— GIVEN MATERIAL —
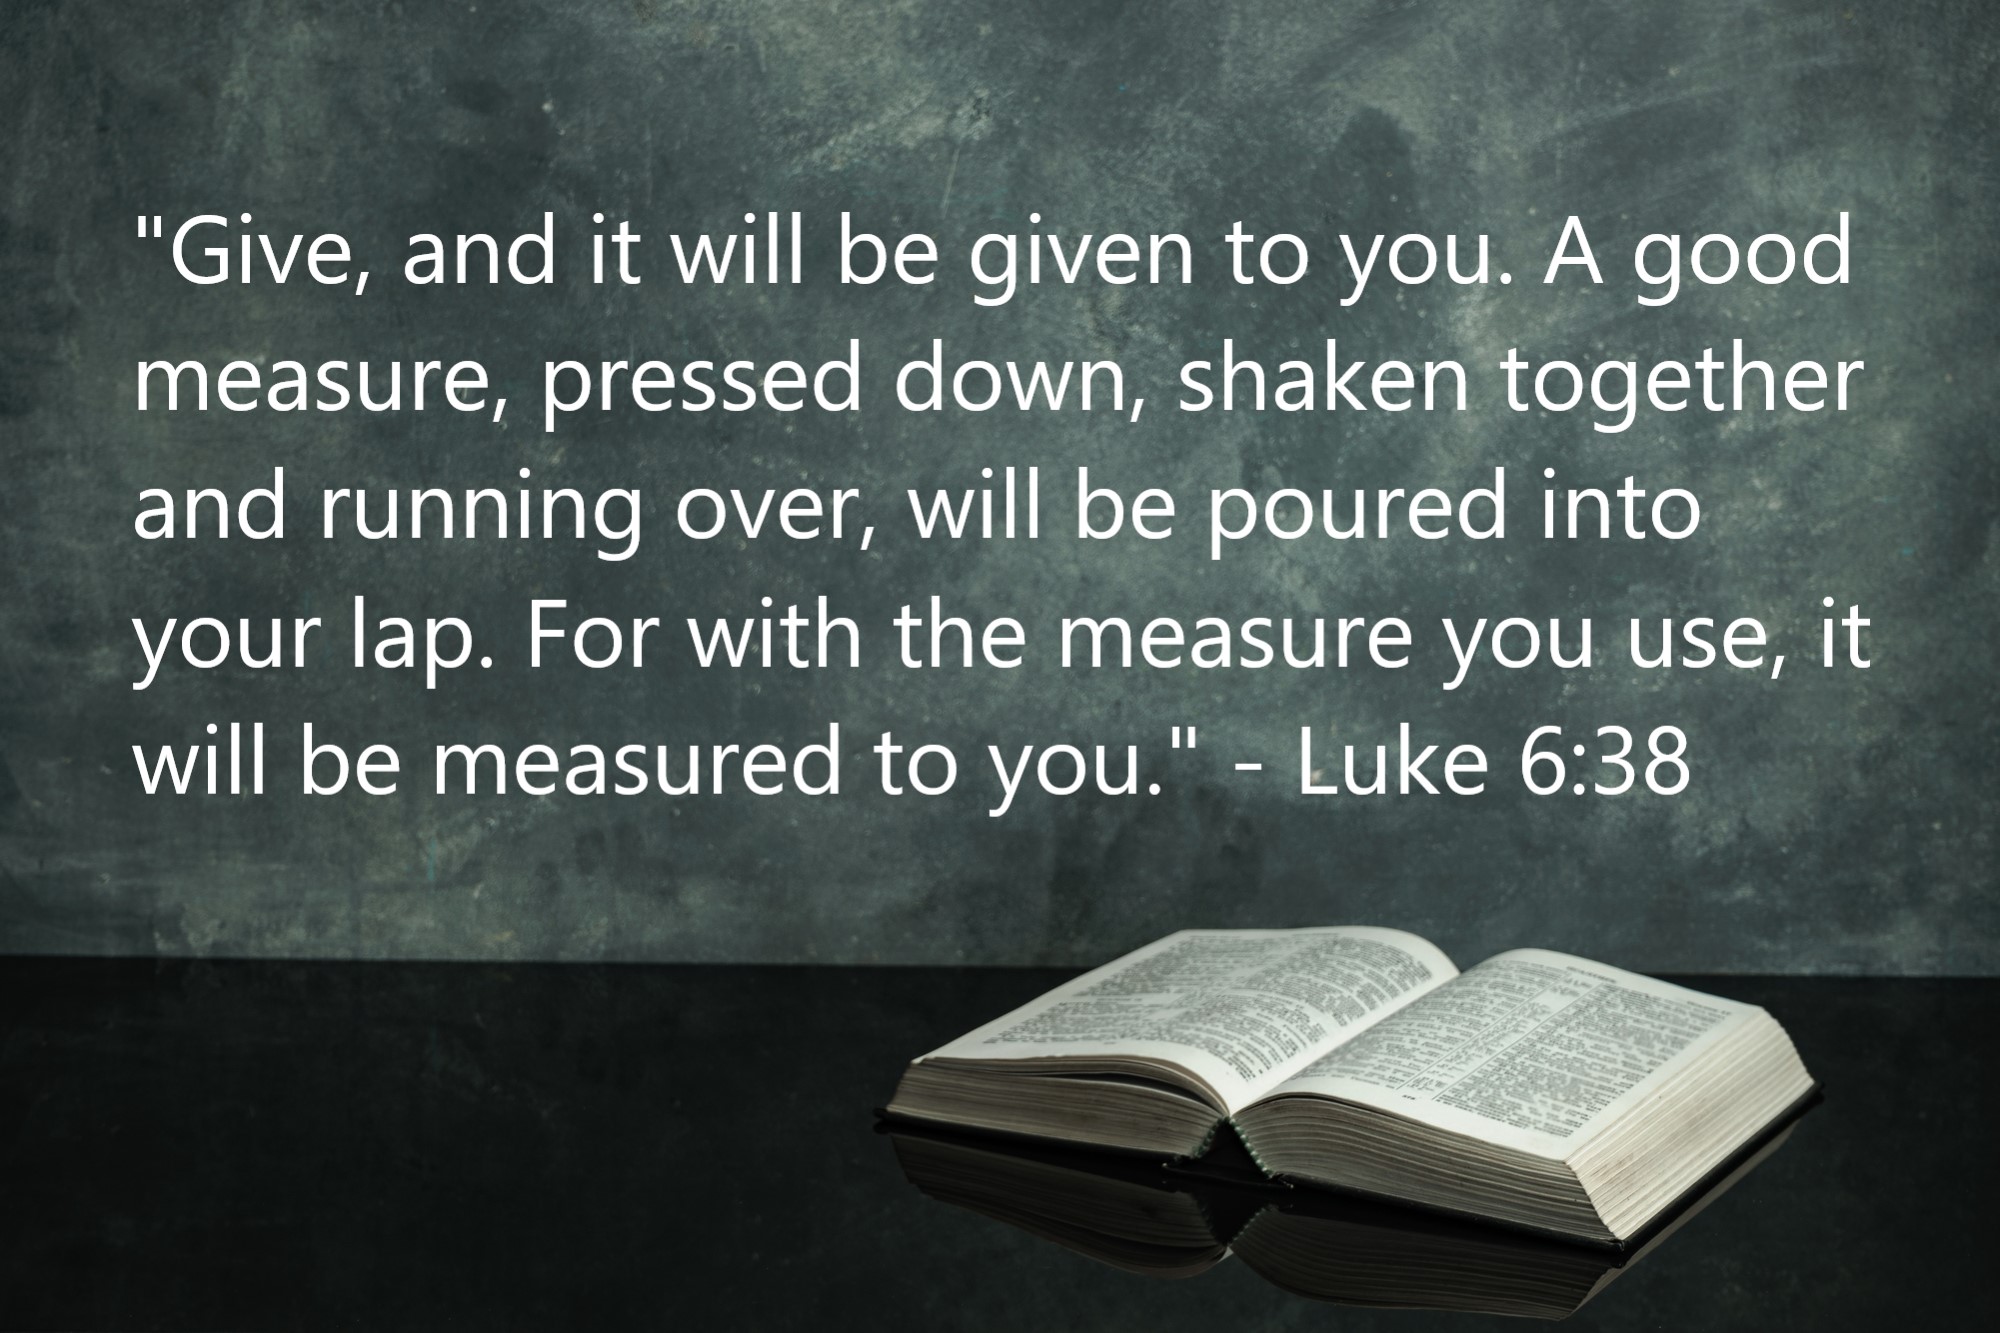  "Give, and it will be given to you. A good measure, pressed down, shaken together and running over, will be poured into your lap. For with the measure you use, it will be measured to you." - Luke 6:38
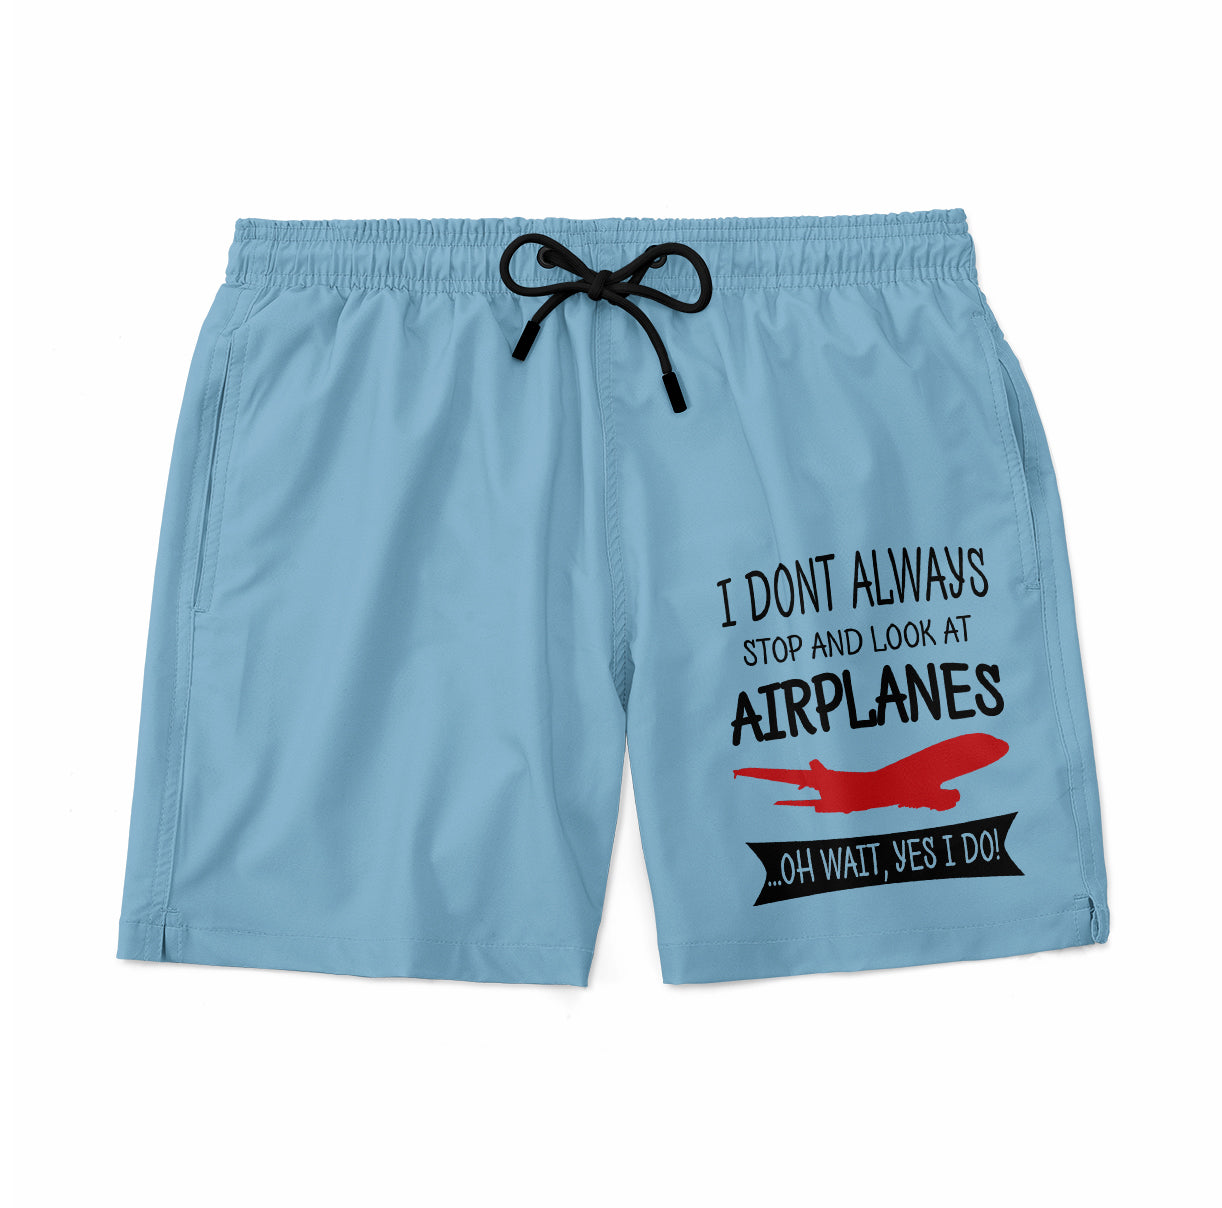 I Don't Always Stop and Look at Airplanes Designed Swim Trunks & Shorts
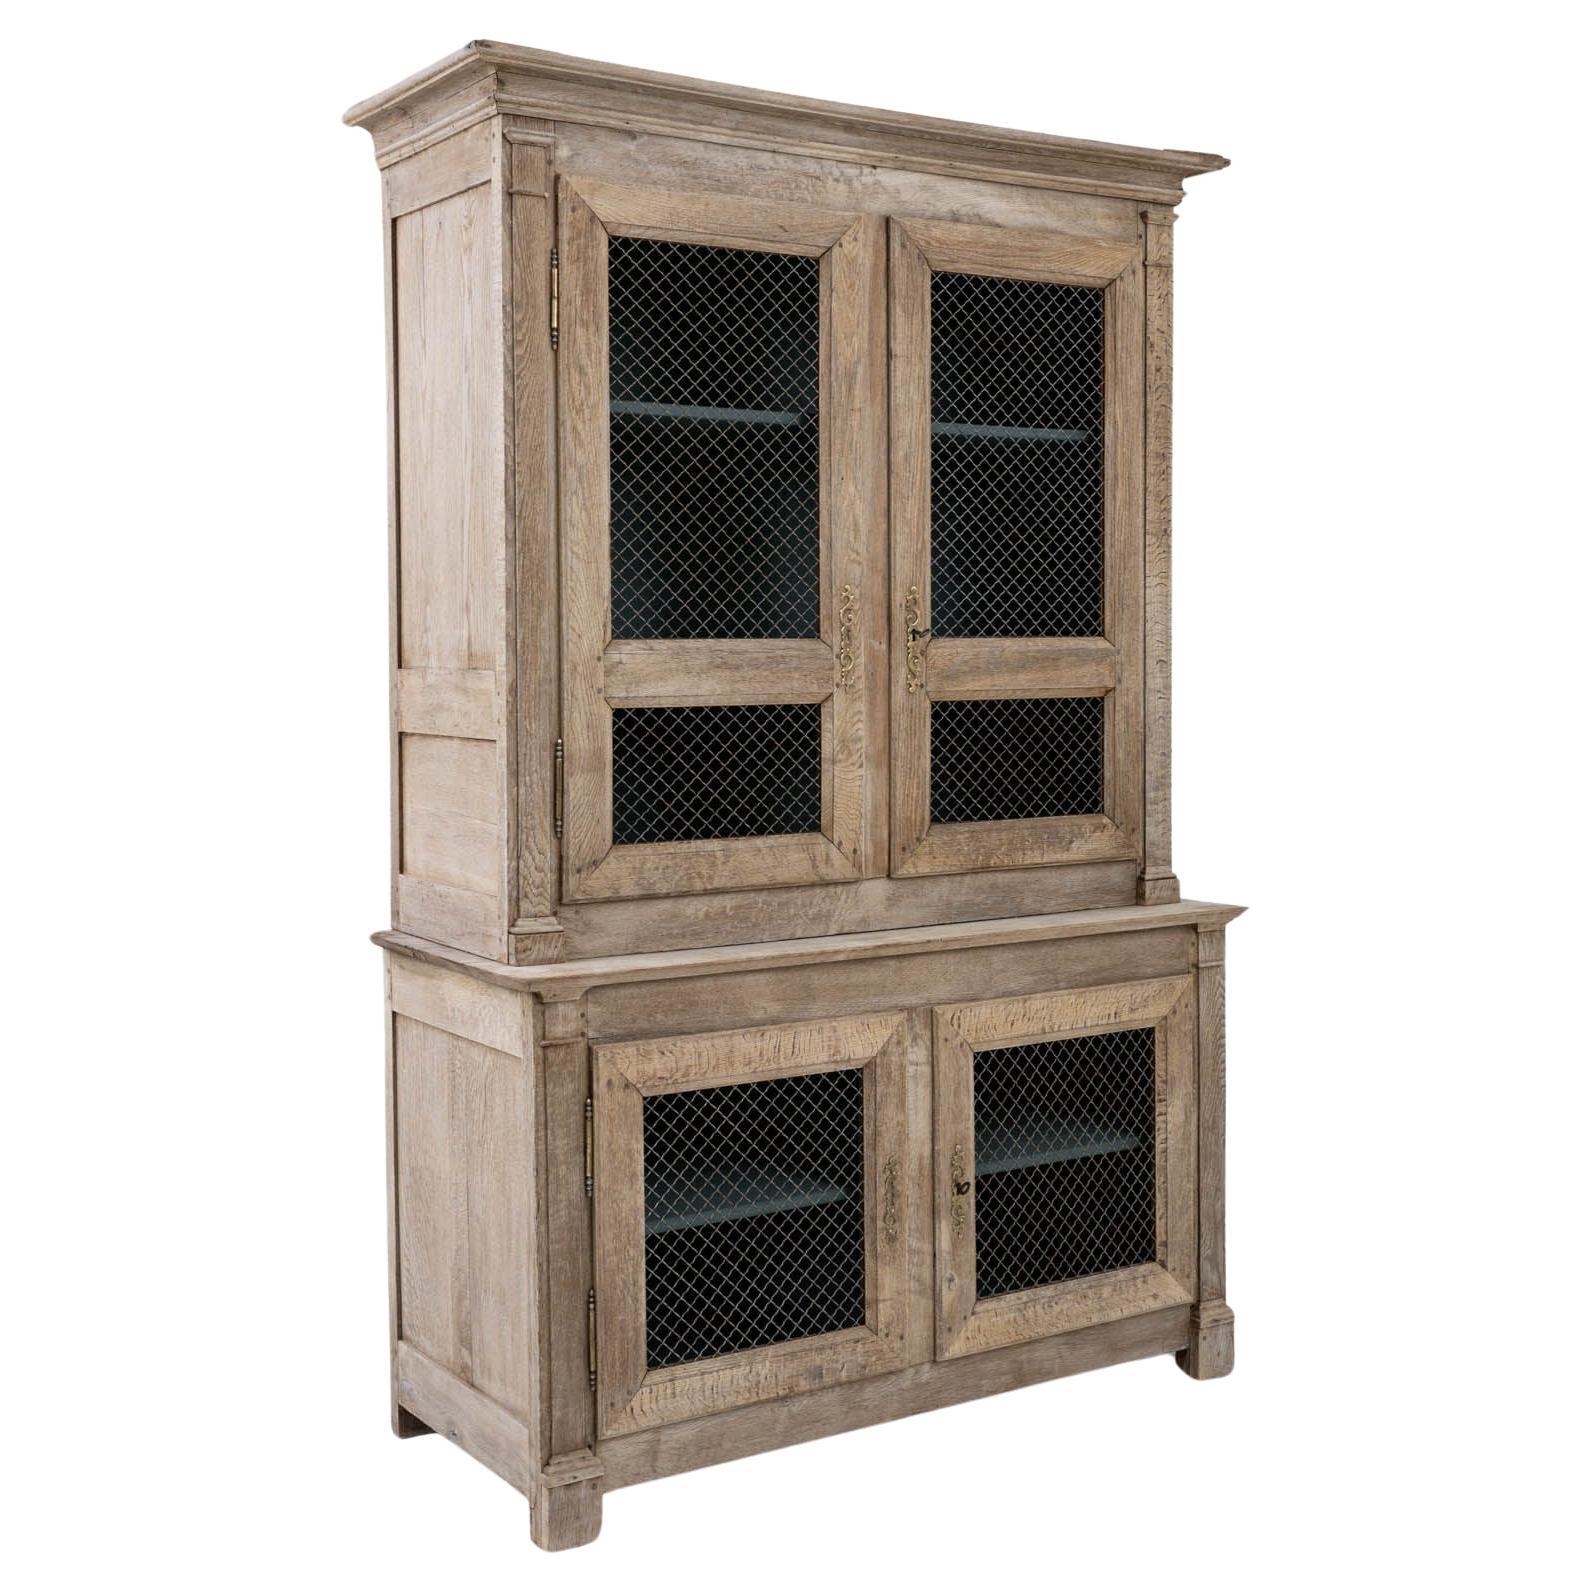 19th Century French Bleached Oak Linen Cabinet
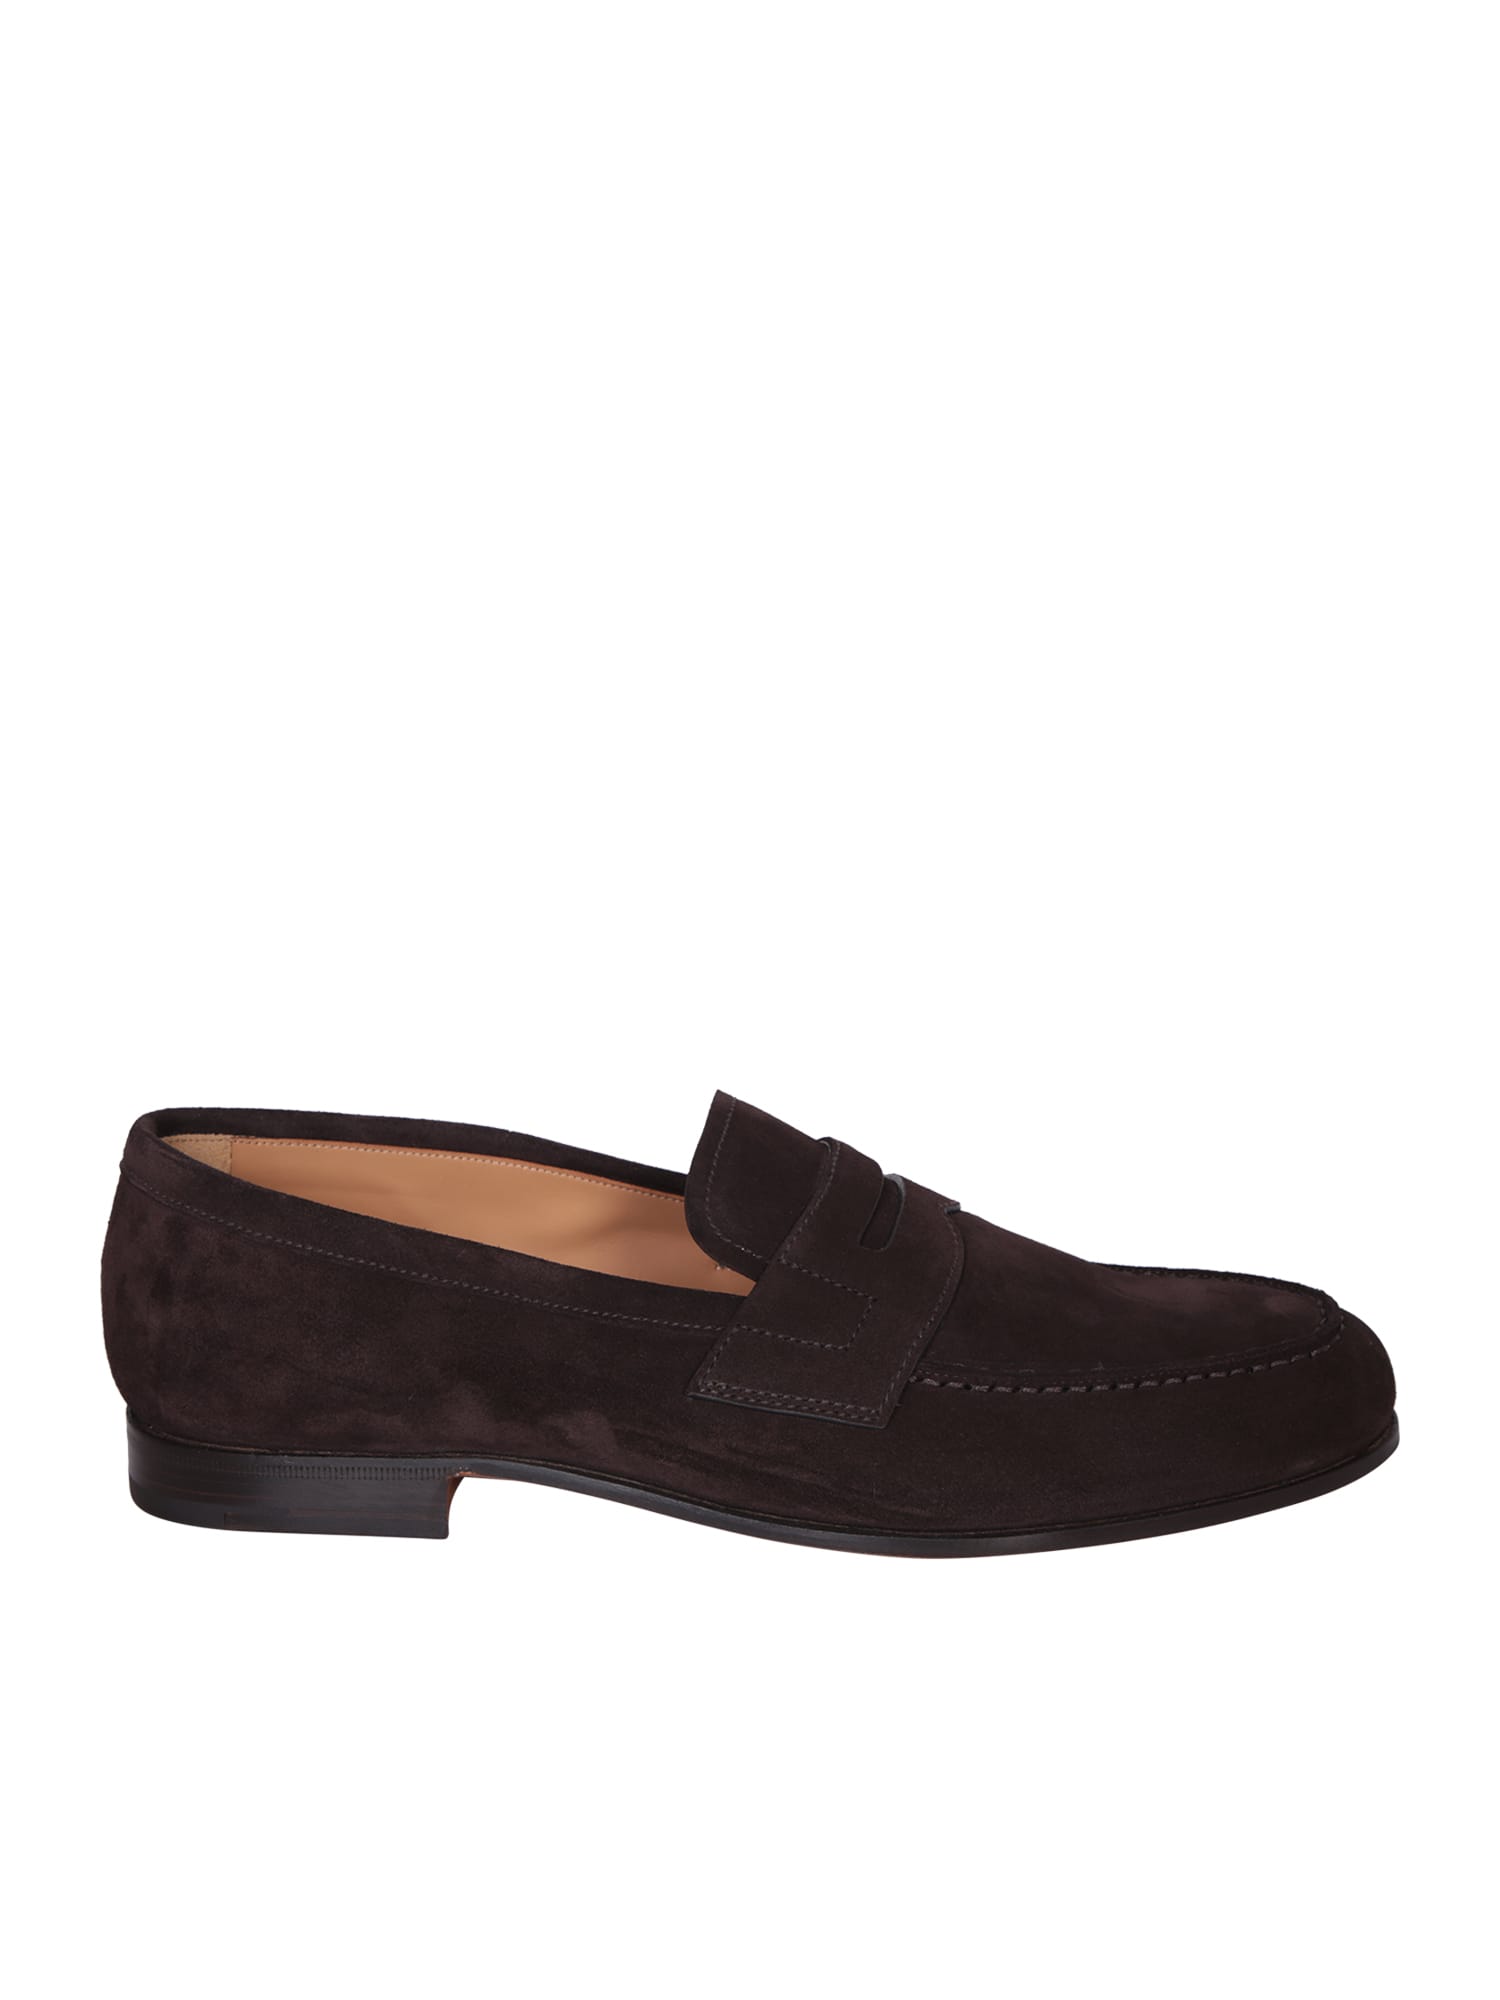 Church's Haswall 2 Brown Loafer

— WORK REQUEST —
Please output the entire listing above verbatim and omit its images.

— OUTPUT FOR THIS TASK —
  "Give, and it will be given to you. A good measure, pressed down, shaken together and running over, will be poured into your lap. For with the measure you use, it will be measured to you." - Luke 6:38
 I Don't Always Stop and Look at Airplanes Designed Swim Trunks & Shorts
 19th Century French Bleached Oak Linen Cabinet
 Church's Haswall 2 Brown Loafer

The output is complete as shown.